Let's see.... Duck hunting.   Have i been there?  Yes.  Have I done that?  Yes.  Have I spent at least 10s of thousands of dollars (at the least) to do it to the best if my abilities in the best places in the US?   Yes.   Do I still do it as hard as I used to, forsaking family, job, money, to kill some birds that generally tastes like liver?  Nope.  But do I now have buddies who have made it big that I do business with  who allow me to tag along in thier 15k a yr private woods clubs when the time is right?  Yep.  Or family in the delta who call me when the gadwall show up on thier fish ponds?  Uh huh. Life as a part time "strike when the iron is hot" duck hunter is good. And for the record, it's not been good enough for me in Ga in a long time.


----------



## Duckbuster82 (Jun 8, 2021)

Para Bellum said:


> Good for you, good for your “group” and good for Texas.  We simply have different ideas on what great duck hunting is.  Likely an age thing.

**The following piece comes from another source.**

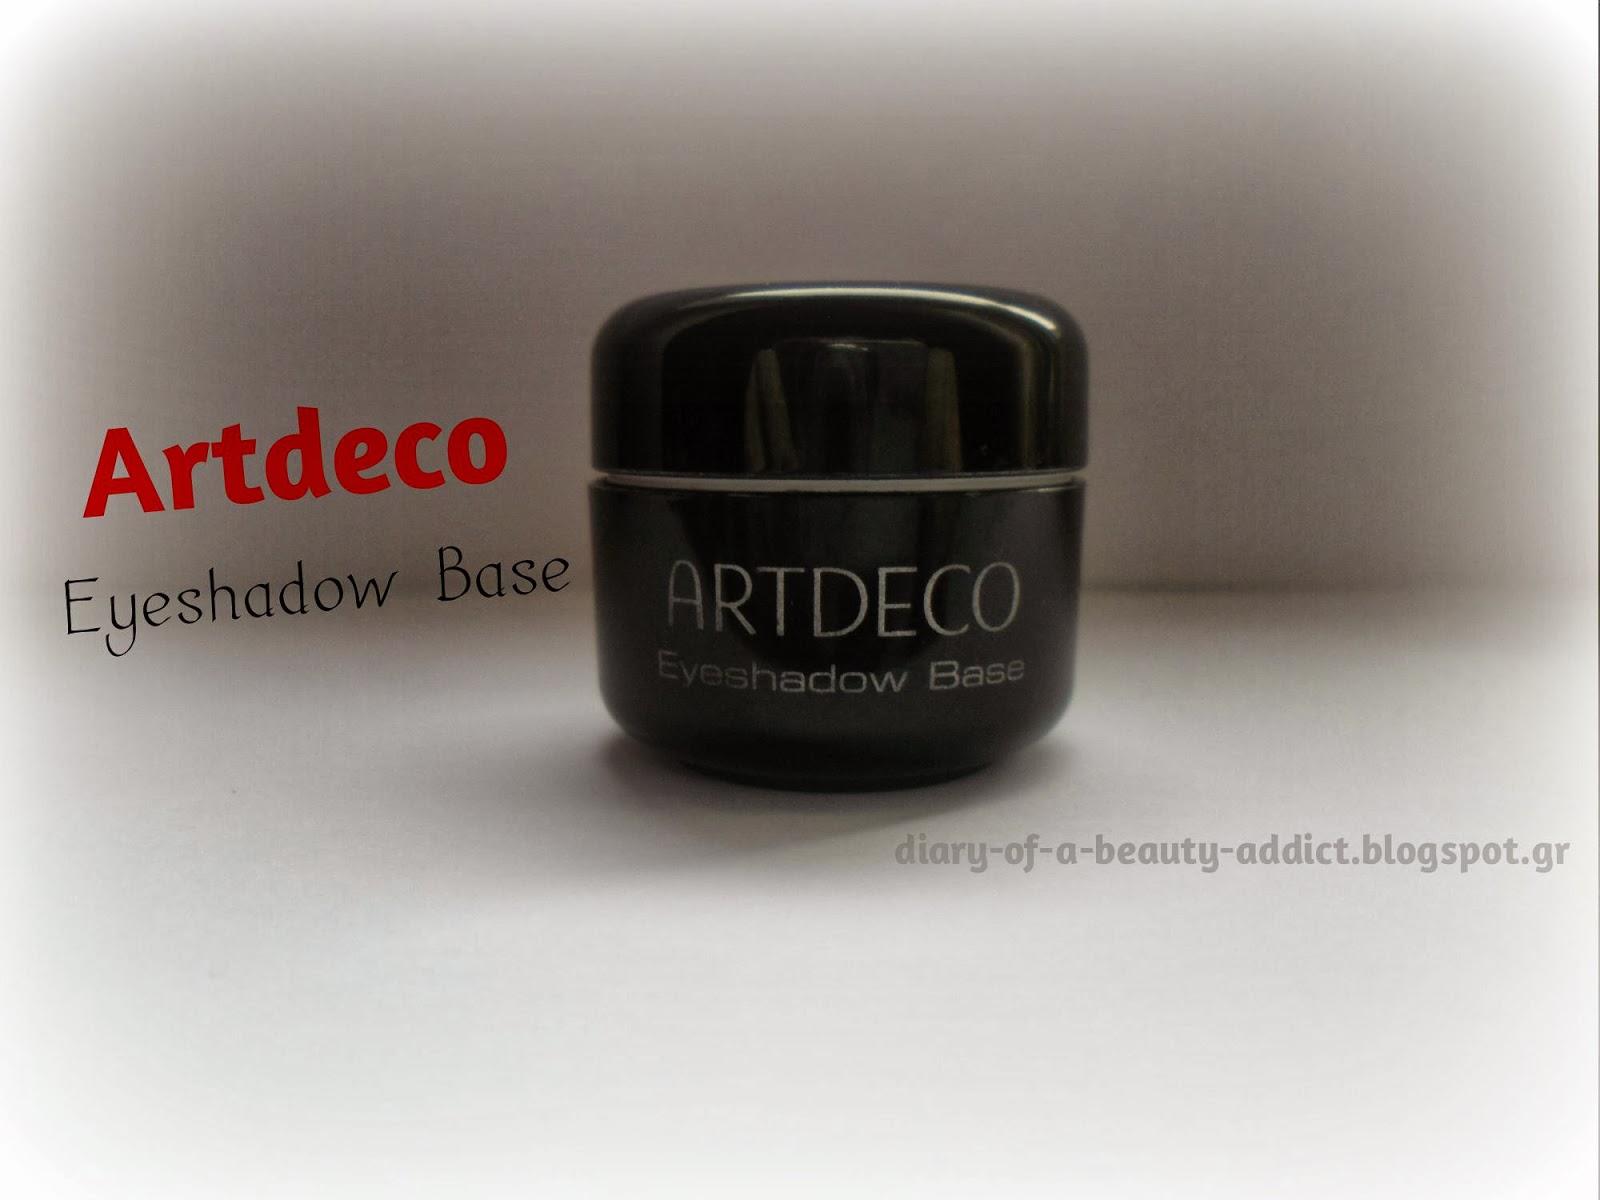 ARTDECO Εyeshadow Βase : Review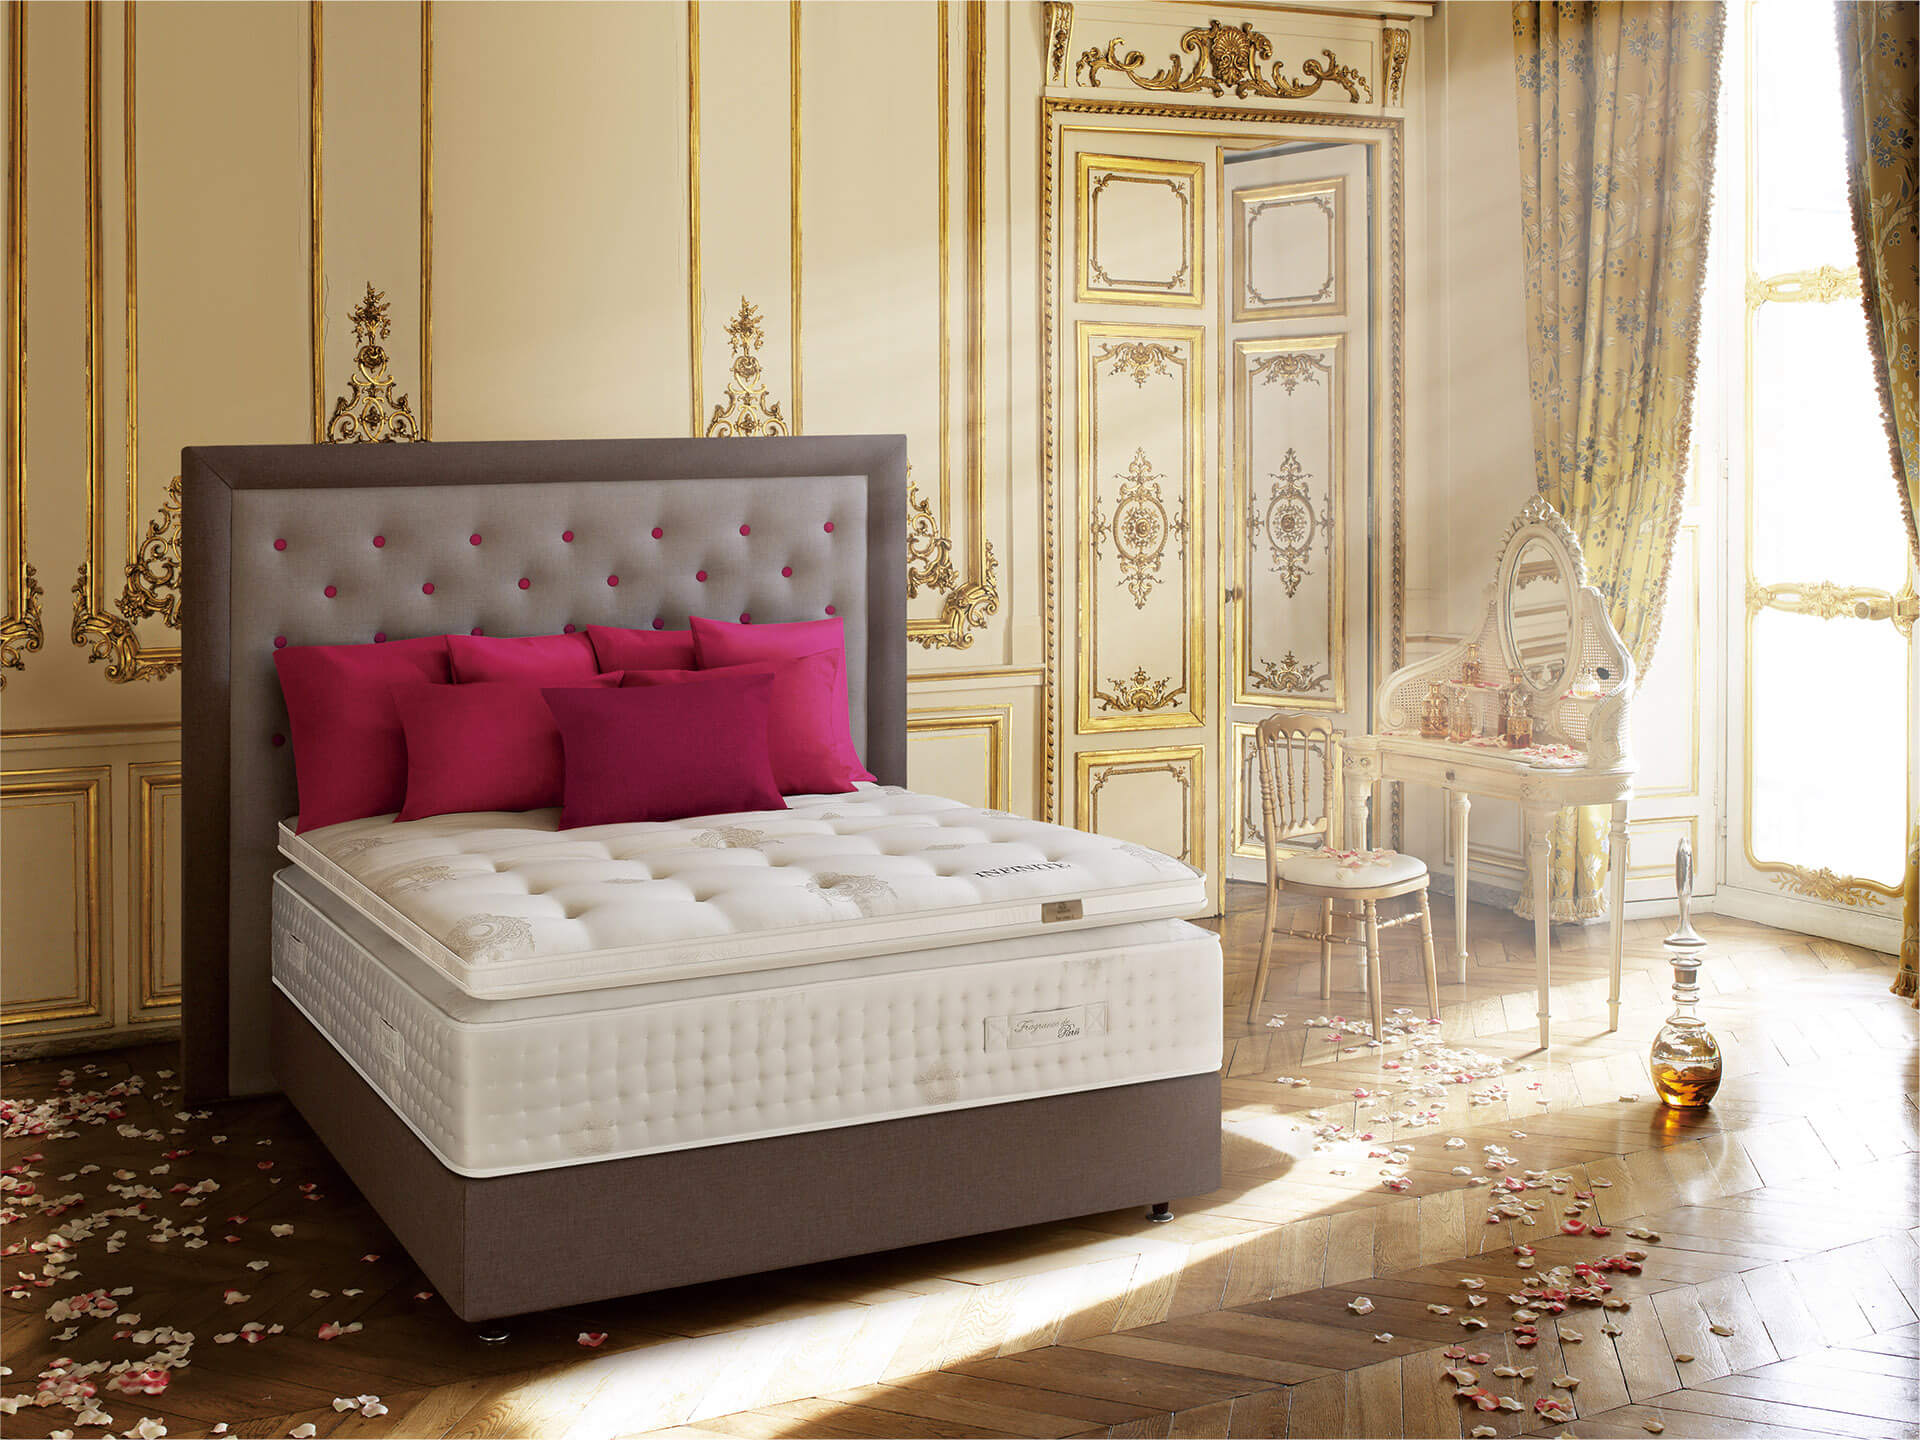 TRECA PARIS 法國精品床墊 漫步米蘭

So everyone has a different opinion of great duck hunting. So how do you know I never have seen it? Again what is your opinion of great hunting. You called me out yet have not given your definition.


----------



## Para Bellum (Jun 8, 2021)

Duckbuster82 said:


> All most people do is complain about the crowd and how terrible hunting is. Yet, they continue to beat their head against the wall have the same results and continue to groan. If you were to go to a restaurant that had a long wait, terrible service and poor quality food would you go back? So why make duck hunting sound so miserable and continue to go. Duck hunting is over crowded as is. But still would like you to tell me what great duck hunting is like, maybe tell the group so we know what to look for, something to gauge our experiences off of as we begin to prepare for the next season.



I may continue to groan every so often because something I loved more than life itself got really popular really quick.  I met my two best friends because of duck hunting.  I stuck it out for quite some time after it became the cool thing to do.  Battled the hoards of jack legs on public land.  Even battled the rich folk for leases for a season or two.  I’m no idiot though.  I quit.  Sold the boat.  The dekes.  Still go every so often but nowhere like what I used to.  Great duck hunting isn’t firing the first shot of the Arkansas opener.  It isn’t having the fastest mud motor at Bayou Meto.  It isn’t full straps when your buddies failed.  It just makes ain’t the same anymore.


----------



## Para Bellum (Jun 8, 2021)

Duckbuster82 said:


> So everyone has a different opinion of great duck hunting. So how do you know I never have seen it? Again what is your opinion of great hunting. You called me out yet have not given your definition.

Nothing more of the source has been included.